■ Your objective ■
The listing is to be returned word for word, without its images.

■ Given material ■
Segment Open
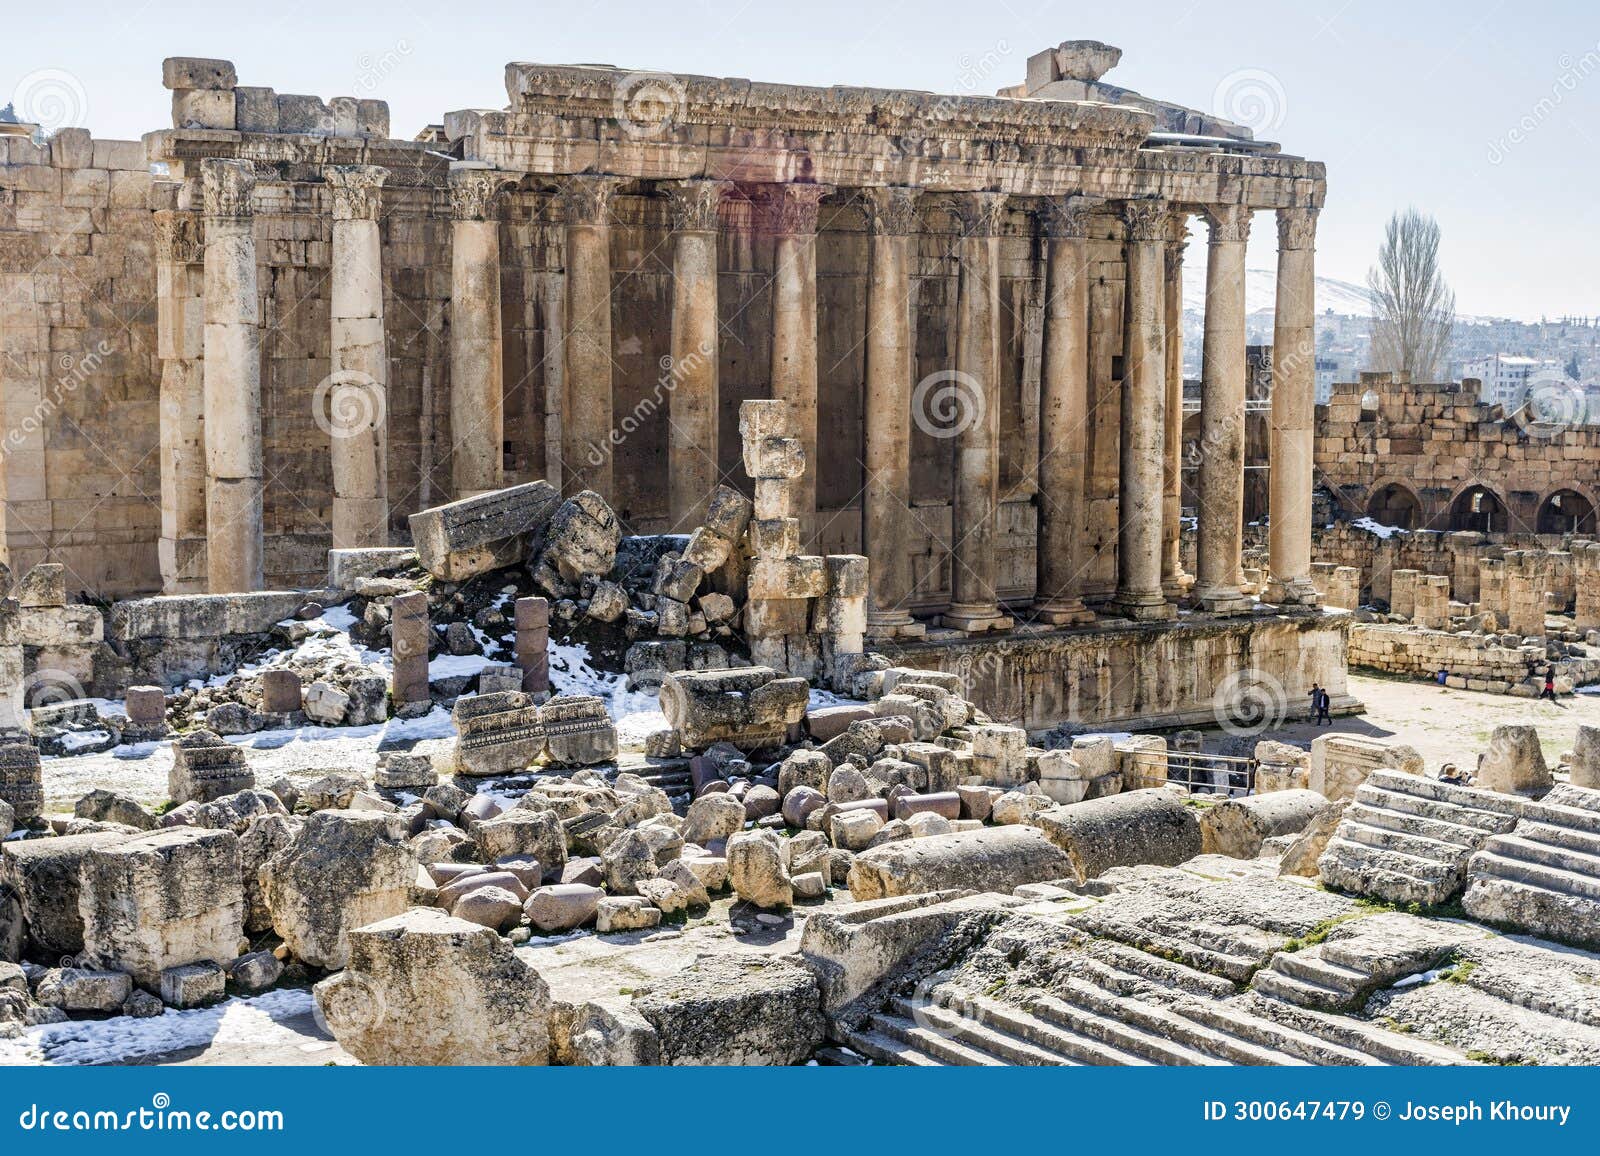 temple of bacchus, heliopolis roman ruins, baalbek, lebanon
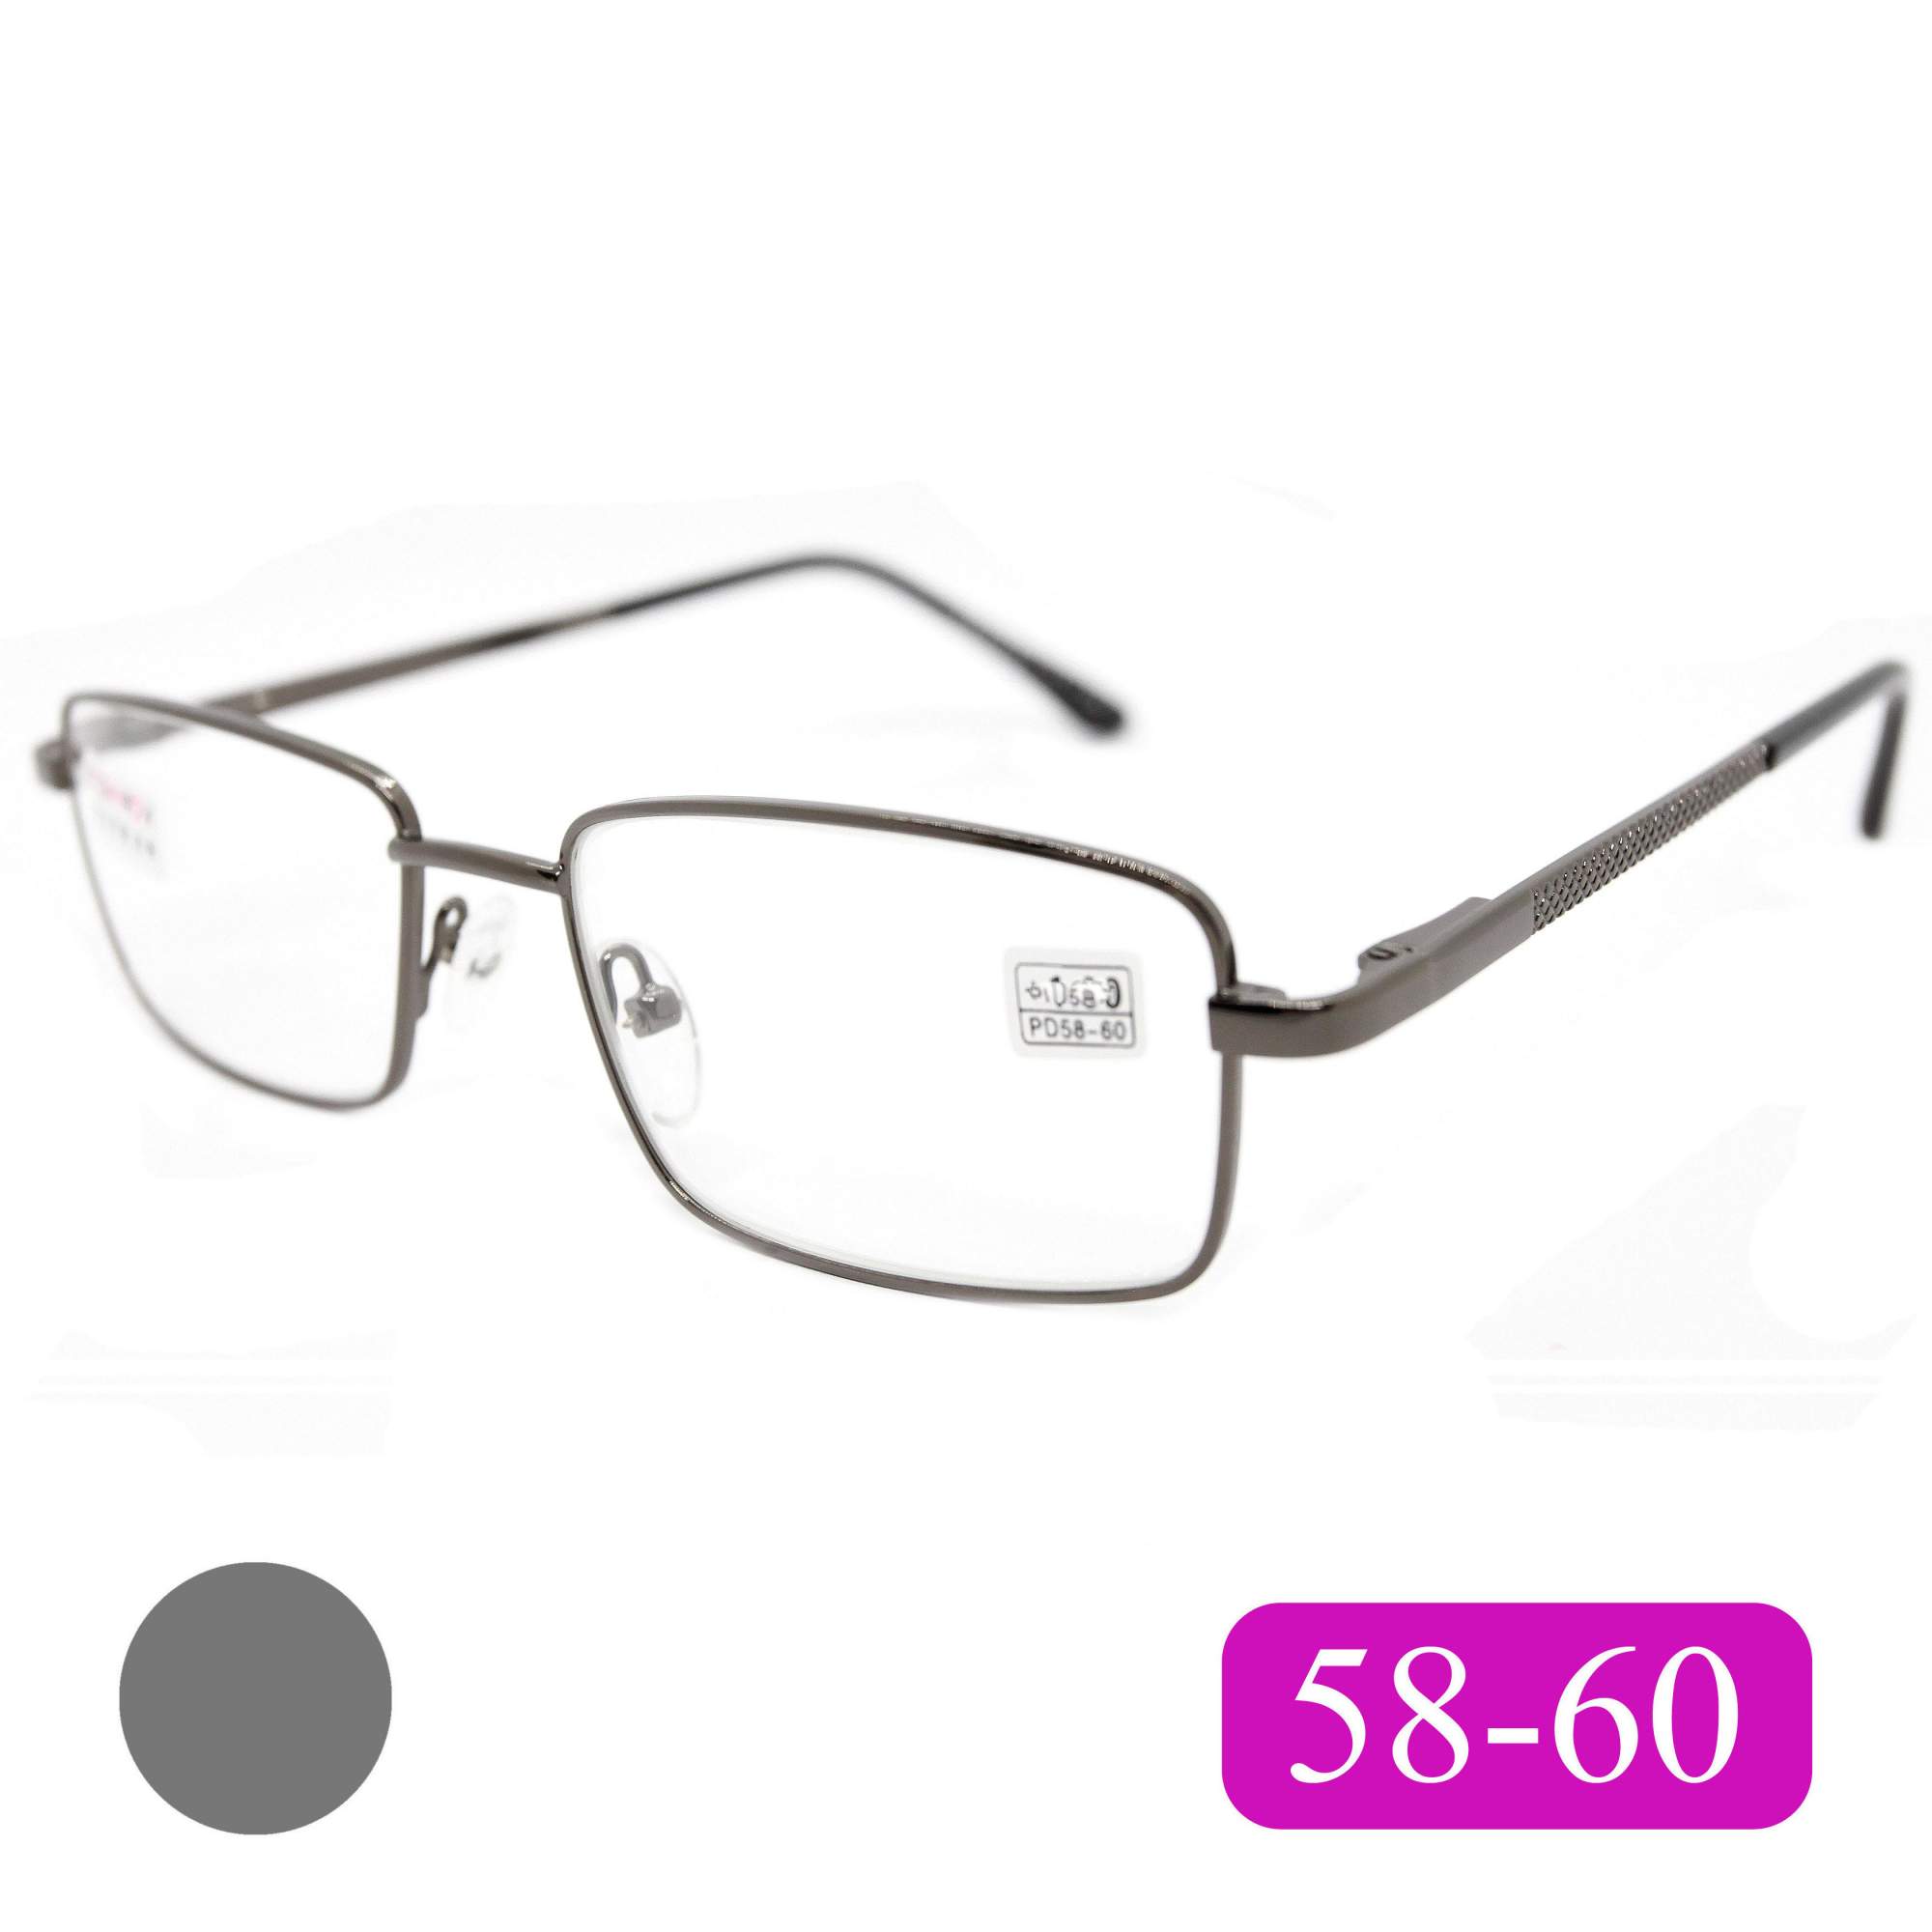 Готовые очки Fedrov 569, со стеклянной линзой, +2,75, без футляра, цвет серый, РЦ 58-60
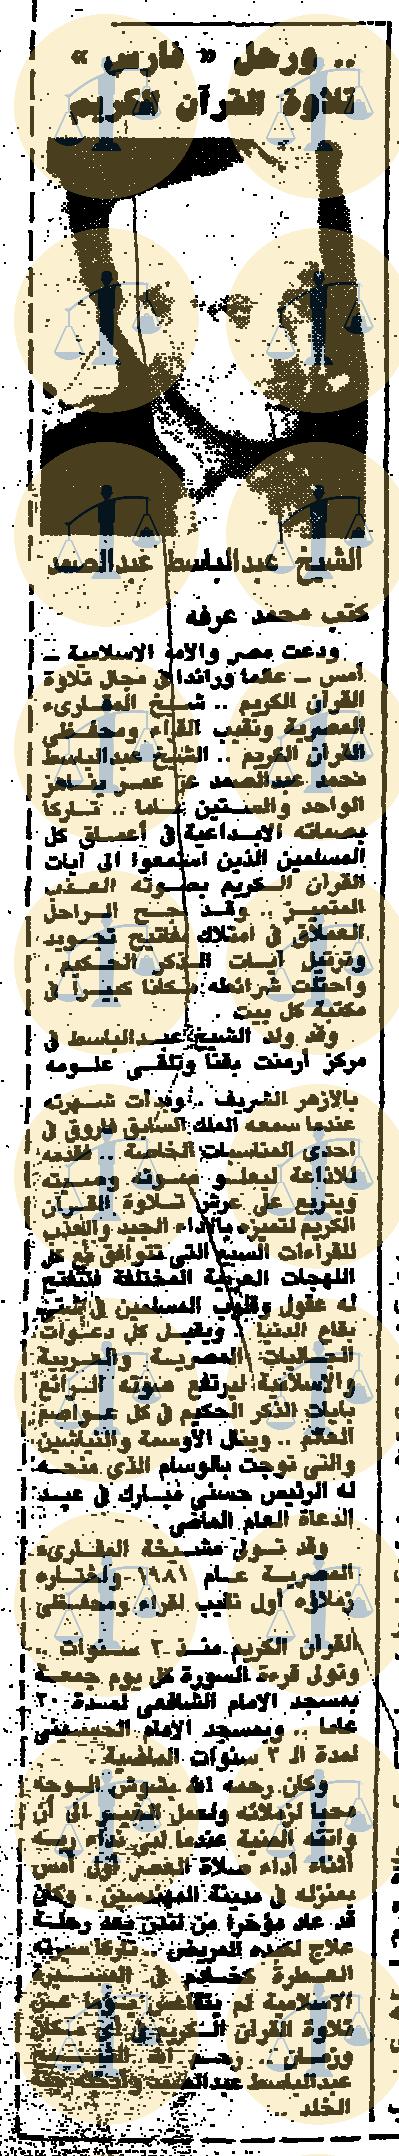 خبر وفاة الشيخ عبدالباسط عبدالصمد، نُشِر يوم 1 - 12 - 1988م - الأخبار، ص6
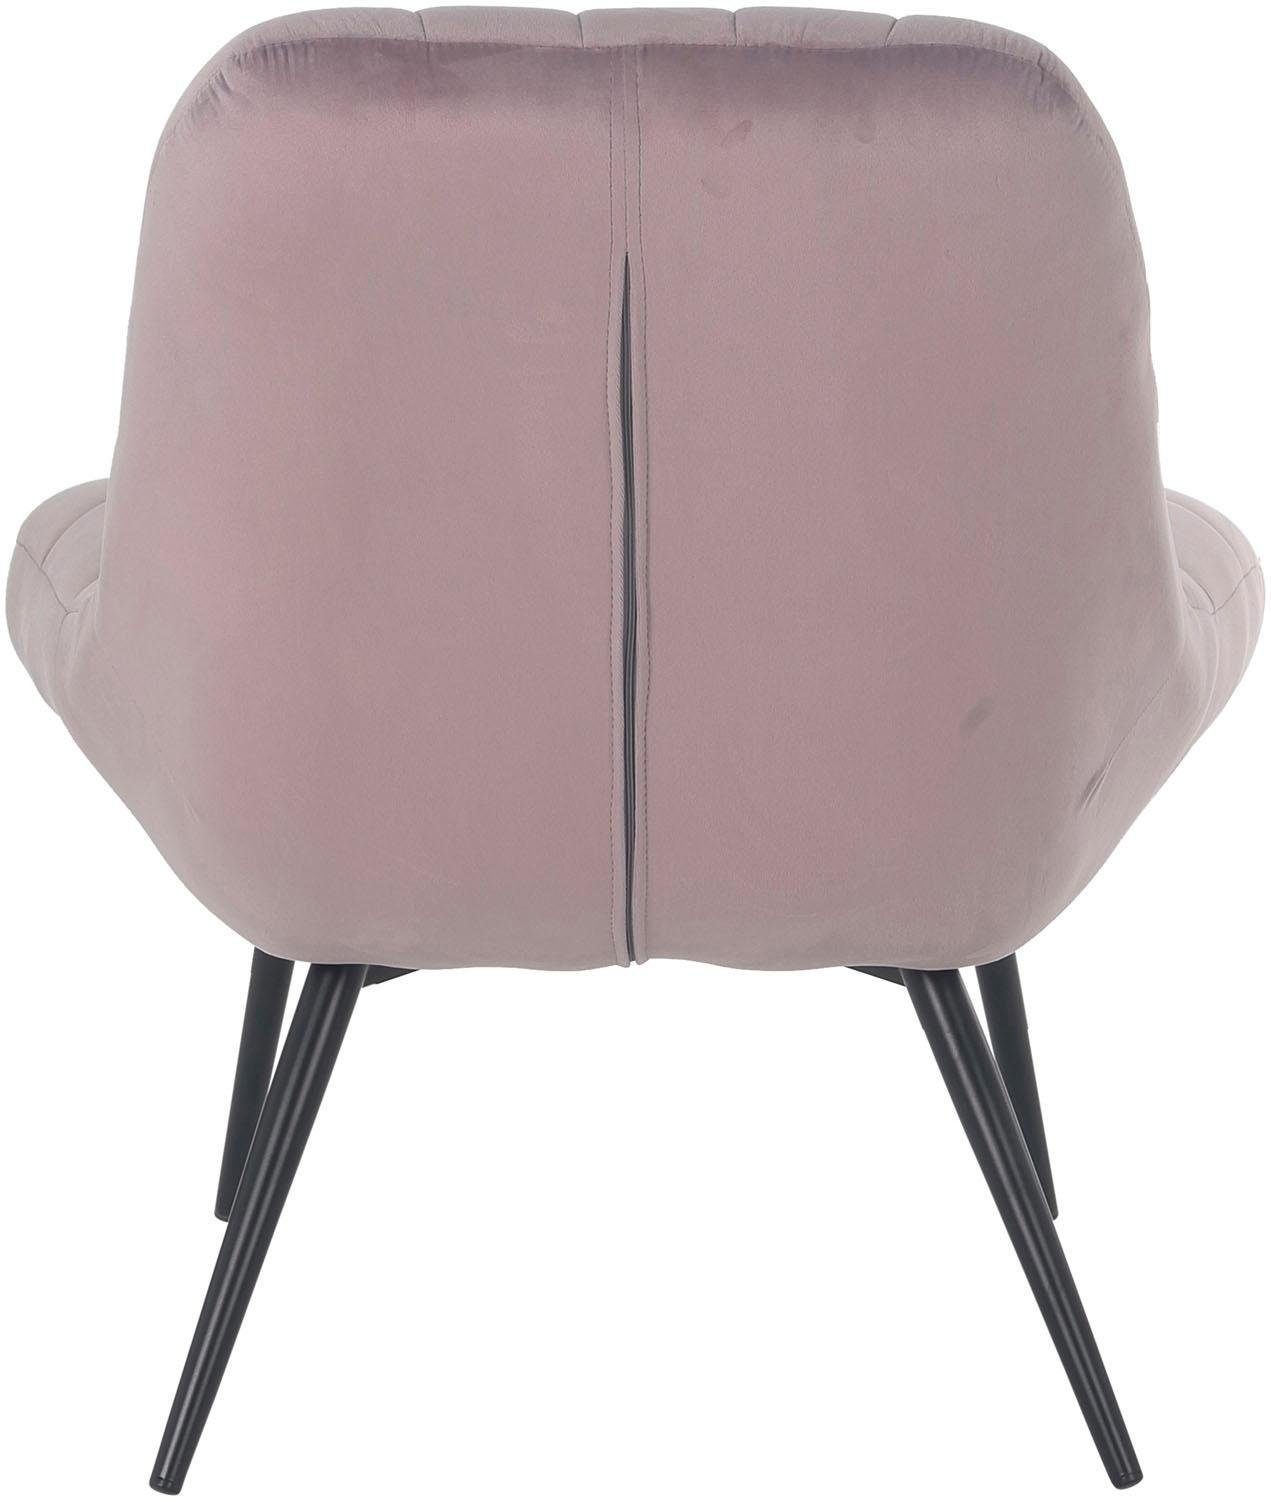 SalesFever Relaxsessel, mit naturfarbenen Beinen rosa/schwarz oder XXL-Steppung, schwarzen mit
Segment Closed
■ Answer for the task ■
 temple of bacchus, heliopolis roman ruins, baalbek, lebanon
 Готовые очки Fedrov 569, со стеклянной линзой, +2,75, без футляра, цвет серый, РЦ 58-60
 خبر وفاة الشيخ عبدالباسط عبدالصمد، نُشِر يوم 1 - 12 - 1988م - الأخبار، ص6
 SalesFever Relaxsessel, mit naturfarbenen Beinen rosa/schwarz oder XXL-Steppung, schwarzen mit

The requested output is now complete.